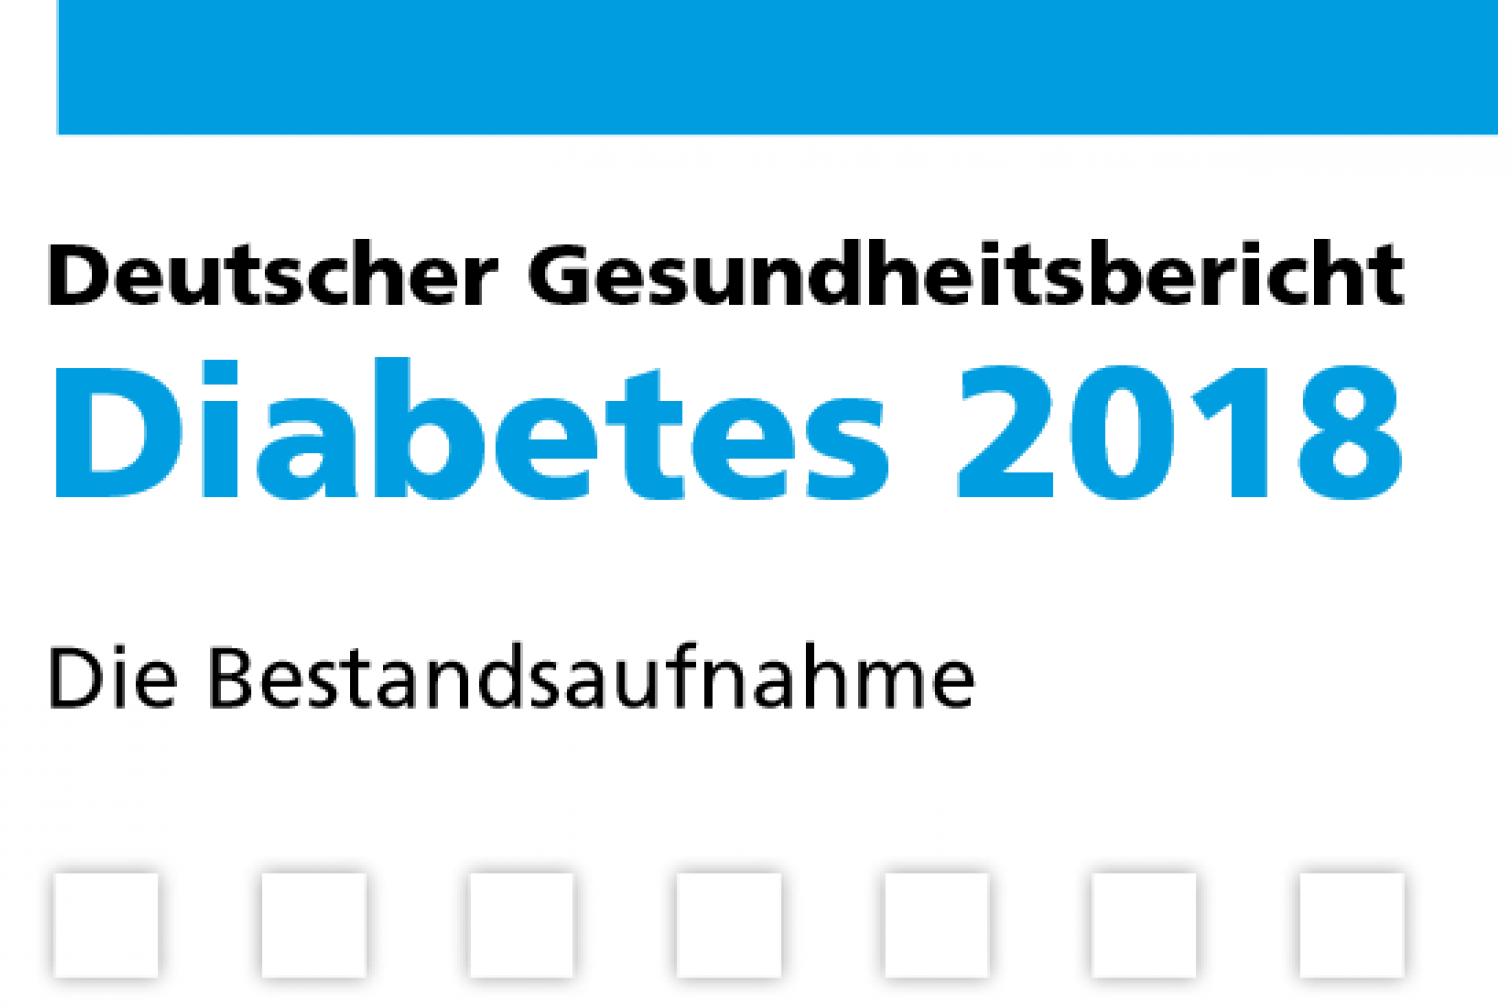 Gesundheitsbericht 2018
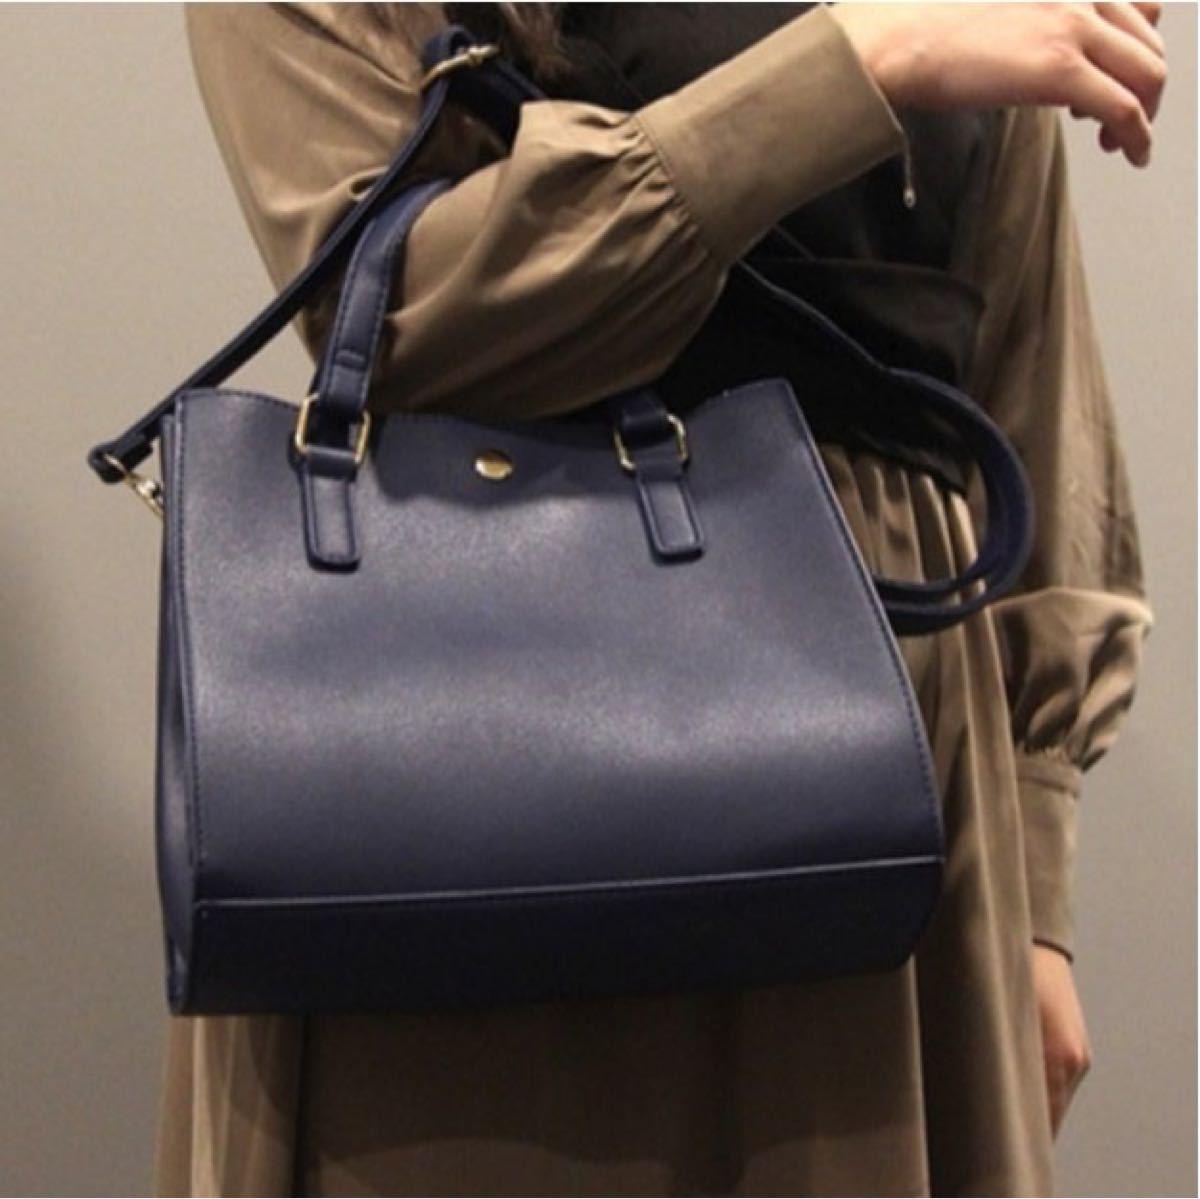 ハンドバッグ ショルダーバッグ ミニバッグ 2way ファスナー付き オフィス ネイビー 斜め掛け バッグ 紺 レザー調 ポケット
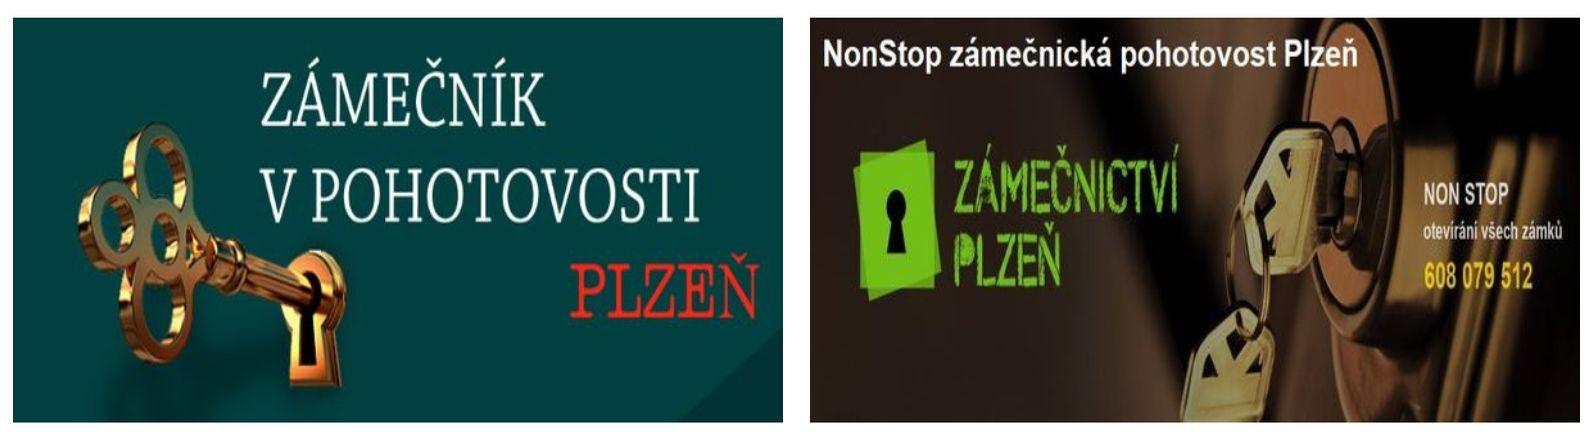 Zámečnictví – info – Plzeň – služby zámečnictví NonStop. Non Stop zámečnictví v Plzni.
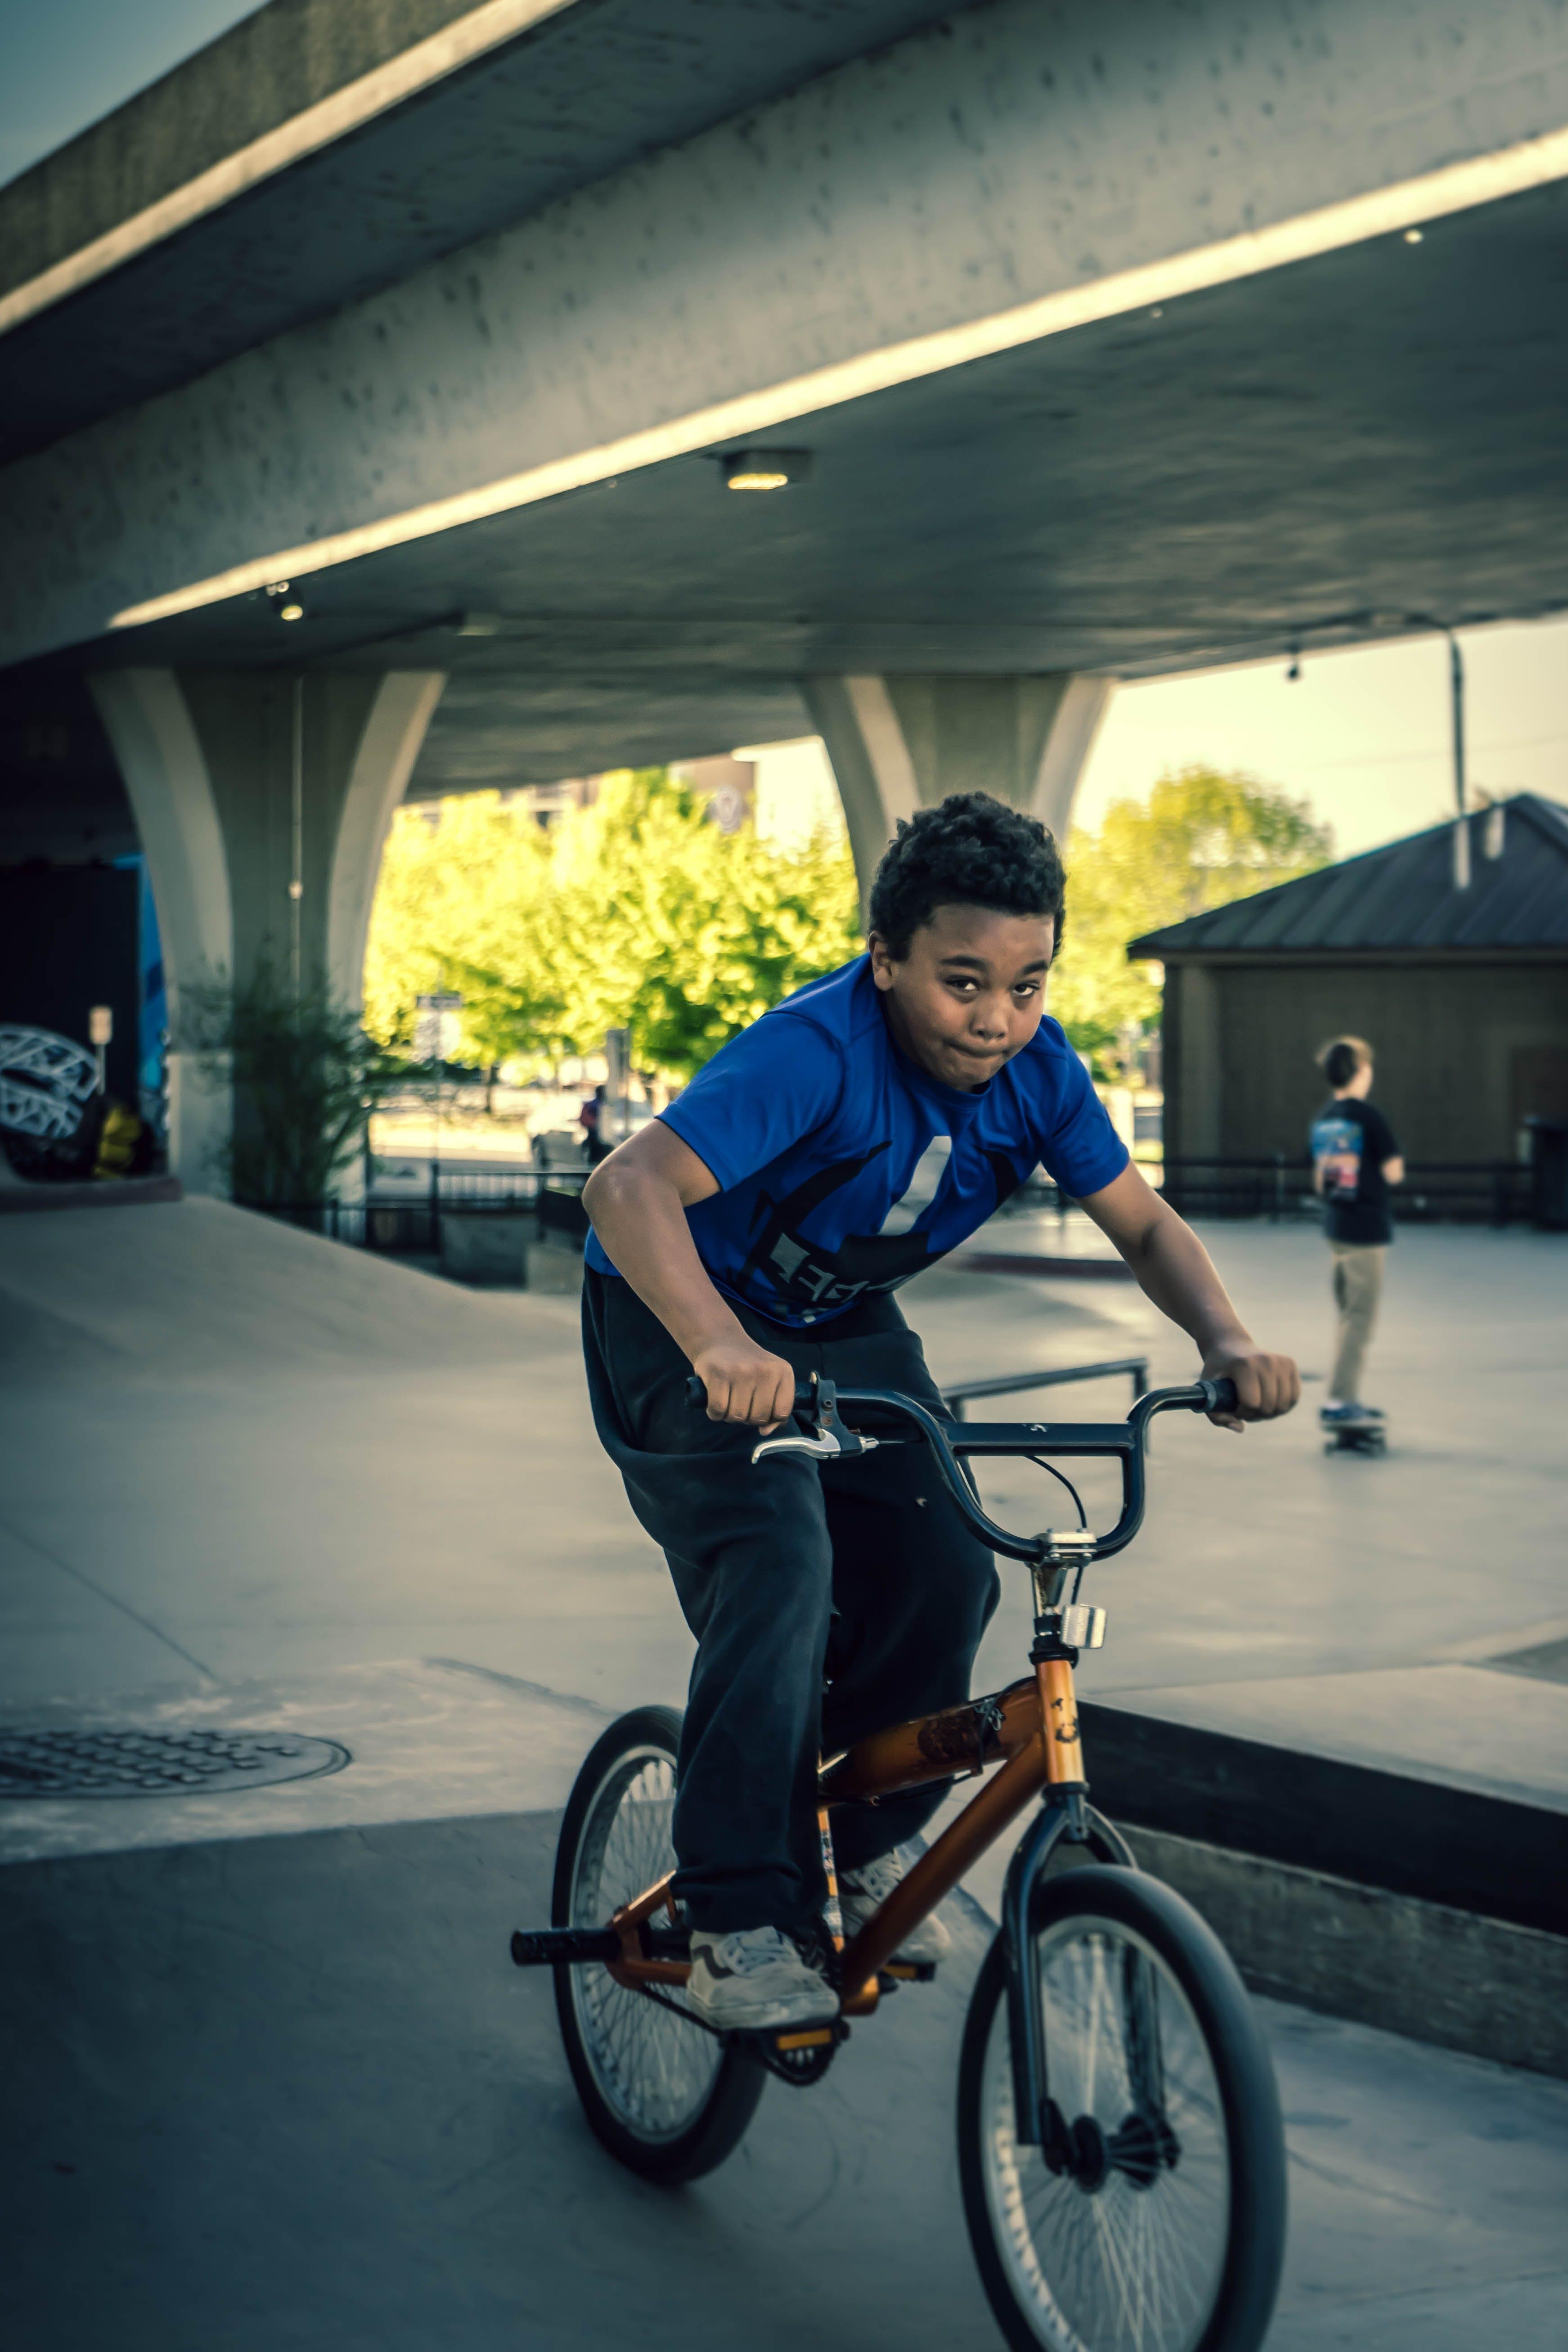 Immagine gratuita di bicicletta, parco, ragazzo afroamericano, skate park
——————
EXERCISE DESCRIPTION
The expected output is an exact retyping of the lines from the line with "Zámečnictví – info" through the last line of the data, with both ends kept and the pictures dropped.

EXERCISE RESPONSE
 Zámečnictví – info – Plzeň – služby zámečnictví NonStop. Non Stop zámečnictví v Plzni.
 Immagine gratuita di bicicletta, parco, ragazzo afroamericano, skate park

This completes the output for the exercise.